I'm curious about the best way to ensure idempotence when using Cloud DataFlow and PubSub?
We currently have a system which processes and stores records in a MySQL database. I'm curious about using DataFlow for some of our reporting, but wanted to understand what I would need to do to ensure that I didn't accidentally double count (or more than double count) the same messages.
My confusion comes in two parts, firstly ensuring I only send the messages once and secondly ensuring I process them only once.
My gut would be as follows:
Whenever an event I'm interested in is recorded in our MySQL database, transform it into a PubSub message and publish it to PubSub. Assuming success, record the PubSub id that's returned alongside the MySQL record. That way, if it has a PubSub id, I know I've sent it and I don't need to send it again. If the publish to PubSub fails, then I know I need to send it again. All good.

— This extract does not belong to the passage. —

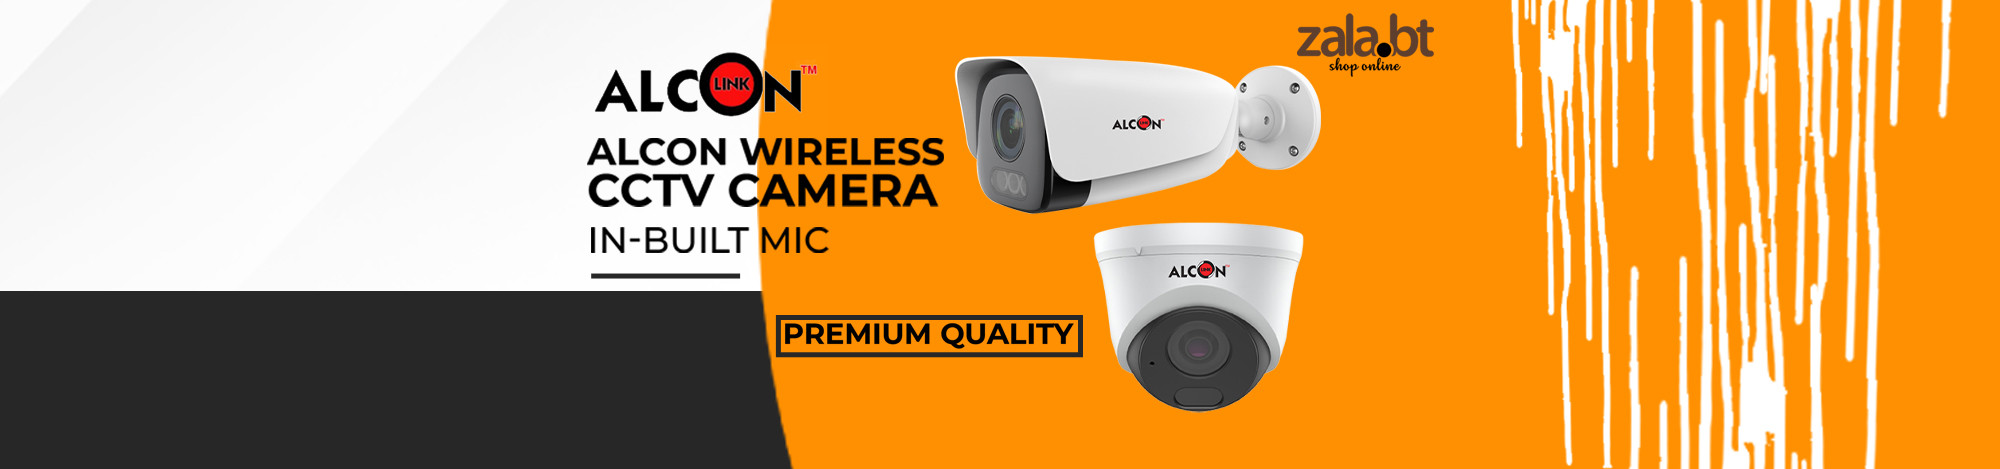 Alcon Wireless CCTV

But if the write to MySQL fails after the PubSub write succeeds, I might end up publishing the same message to pub sub again, so I need something on the DataFlow side to handle both this case and the case that PubSub sends a message twice (as per https://cloud.google.com/pubsub/subscriber#guarantees).
What's the best way to handle this? In AppEngine or other systems I would have a check against the datastore to see if the new record I'm creating exists, but I'm not sure how you'd do that with DataFlow. Is there a way I can easily implement a filter to stop a message being processed twice? Or does DataFlow handle this already?